Week in Review

By Published On: December 1, 2017Categories: Uncategorized

It’s been a hectic week for markets, responding to post-holiday trends and a bearish inventory report, all with OPEC hovering over everyone’s market expectations. Yesterday’s announcement of OPEC’s extension turned into a grand non-issue, with markets closing exactly one cent below their opening price.

Yesterday, OPEC and the coalition of Non-OPEC countries agreed to extend production cuts through the end of 2018, an outcome that the market was anticipating and had already priced into the market. Still, the complete lack of enthusiasm following the announcement could indicate that markets are growing more accustomed to OPEC activity – which may be a problem for the organization when the deal ends. The extension comes with an escape clause if markets get too overheated, with a market review in June.
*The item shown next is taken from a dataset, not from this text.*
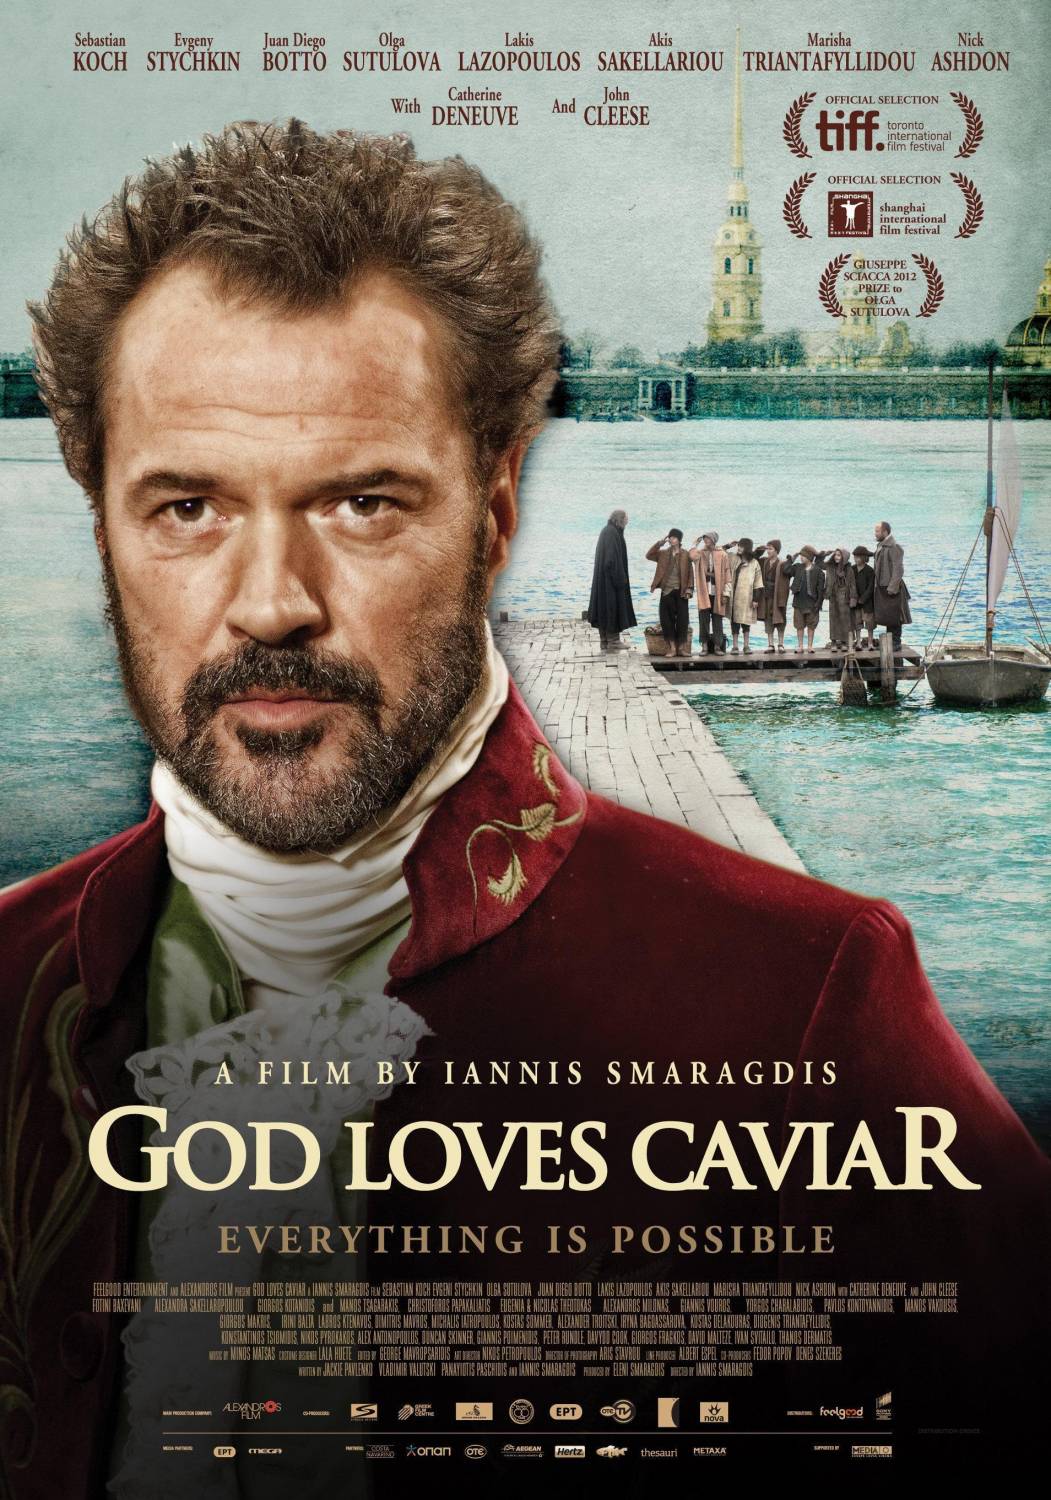 God loves caviar (2012)

The API and EIA once again did not line up in their reported inventory stats, though both were bearish for markets. The API showed a crude stock build, rising diesel inventories and a medium-sized gasoline draw. The EIA reported a crude inventory draw, but large builds for refined products. The builds were likely the result of record refinery production for this time of year, the first time refinery input has ever surpassed 17 MMbpd in Q4.  Strong refiner margins are incentivizing more and more production of refined products, which should keep consumers well supplied through the winter.

Crude oil prices are lower this week, beginning the week at $58.95 and opening this morning at just $57.42, a 2.6% decline. Of course, last week we expected a comparable price decrease and were surprised by a late-Friday bump in prices, so this week’s outcome is far from certain. Prices saw up-down-up movements on both Wednesday and Thursday thanks to the EIA and OPEC. Strong refinery runs will keep diesel prices elevated for the foreseeable future.

Although diesel price trends look different from this past week, the resulting 2.6% decline (5 cents for diesel) was the same. Prices fell drastically yesterday as markets fully processed the EIA data and OPEC created some market fluctuations. Monday saw diesel prices open at a strong $1.9529, the highest opening price of the week. Four days of losses followed, though today is on an upward bent that could eliminate the losses from this week.

Gasoline has outpaced diesel and crude oil losses, shedding 5.4 cents (3.0%) this week as demand declined by a whopping 800 kbpd this past week. Whether the trend was a pre-holiday blip or signifies a longer trend is yet to be seen. Gasoline prices began the week at $1.7861, and managed to pick up steam early in the week before seeing huge losses on Wednesday. Today prices opened at just $1.7321; unlike crude and diesel, gasoline gains this morning have been muted.